Il y avait au pays une jeune fille qui avait un grand voile sur le visage, un voile couleur de nuage. Sa peau était noire, son regard sombre comme une pluie d’orage. On disait d’elle : « C’est une étrangère. » De ses parentz aussi on disait : « Ce sont des étrangerz. » Et un jour on voulut les chasser. « Hors de question », dit la jeune fille. Mais elle n’eut bientôt pas le choix : elle fut bannie du pays et dut partir avec ses parentz vers la mer.
Sur la route qui devait la conduire jusqu’à la mer, elle vit un petit caillou noir au milieu des cailloux blancs. Elle dit : « Petit caillou, petit caillou, comment fais-tu pour être un caillou noir parmi les cailloux blancs ? » Le caillou lui répondit : « Prends-moi dans ta poche et je te donnerai bientôt la réponse. » Alors, la jeune fille ni une ni deux prit le caillou, le mit dans sa poche, après quoi elle poursuivit sa route avec ses parentz.
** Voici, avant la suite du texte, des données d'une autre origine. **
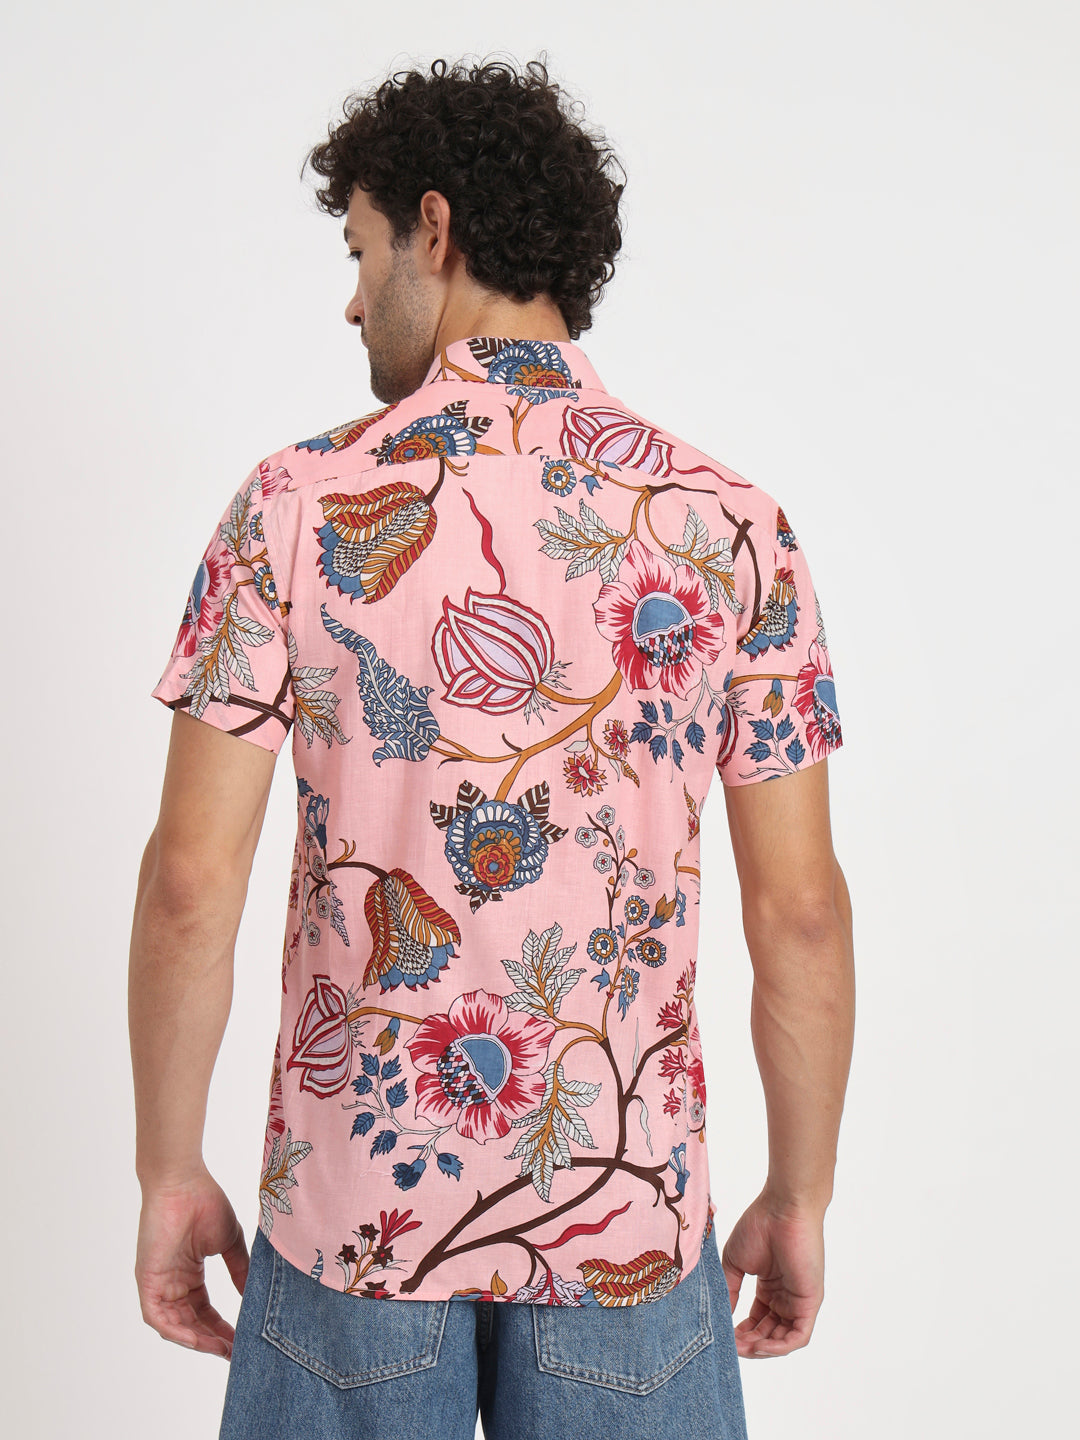 Firangi Yarn Floral Chintz Art Printed Cotton Pink Shirt For Men | Indian Printed Shirt

Plus loin, elle rencontra une colombe noire parmi les colombes blanches. Elle dit : « Petite colombe, petite colombe, comment fais-tu pour être une colombe noire parmi les colombes blanches ? » La colombe lui répondit : « Prends-moi sur ton épaule et je te donnerai bientôt la réponse. » Alors, la jeune fille ni une ni deux prit la colombe sur son épaule, après quoi elle poursuivit sa route avec ses parentz.
Quelques instants s’écoulèrent, quand elle vit bientôt à ses pieds parmi les marguerites blanches, une marguerite noire. Elle dit : « Petite marguerite, petite marguerite, comment fais-tu pour être une marguerite noire parmi les marguerites blanches ? » La marguerite lui répondit : « Cueille-moi, mets-moi dans tes cheveux et je te donnerai bientôt la réponse. » Alors, la jeune fille ni une ni deux cueillit la marguerite noire, la mit dans ses cheveux et poursuivit sa route avec ses parentz.
Bientôt, elle arriva devant la mer.
Le caillou noir lui dit alors : « Jette-moi dans la mer pour faire des ricochets. » La jeune fille s’exécuta, et le caillou rebondit sur les vagues, une fois, deux fois, trois fois jusqu’à disparaître.
La colombe noire lui dit alors : « Lance-moi vers le ciel pour que je m’envole. » La jeune fille s’exécuta, et la colombe s’envola, battant de l’aile, une fois, deux fois, trois fois jusqu’à disparaître.
La marguerite noire lui dit alors : « Enlève mes pétales un par un par pour que je te dise si l’on t’aime ou non. » La jeune fille s’exécuta, enlevant chaque pétale, les arrachant une fois, deux fois, trois fois jusqu’à ce que la marguerite fut entièrement défaite.
Après cela, elle se lamenta : « Ils m’avaient promis une réponse ! Mais je les ai perdus désormais.»
Alors, une voix venue de la mer, du ciel et de la terre lui dit : « Le caillou que tu as jeté dans la mer, c’est l’exilae qui traverse les eaux. La colombe que tu as élevée vers le ciel, c’est lae persécutae qui rend son âme à Diex. La marguerite que tu as dépouillée, c’est l’opprimae que l’on tourmente. »
La jeune fille demanda : « Que dois-je faire à présent ? »
La voix répondit : « Retrouve le caillou englouti par les flots, empêche la colombe de s’enfuir davantage et redonne sa parure au cœur de la marguerite. — Mais c’est impossible ! s’exclama la jeune fille. Ne puis-je pas faire autre chose ? — Si, mais c’est une chose plus difficile encore. — Dis-la moi. — Ne laisse pas ta voix être engloutie par le silence ; ne t’enfuis pas face à ce monde, en y préférant le ciel, quand bien même serait-il injuste ; et redonne à ton cœur tout dépouillé dignité et force. »
La jeune fille fut bientôt contrainte de traverser la mer. Le reste de l’histoire est encore à écrire.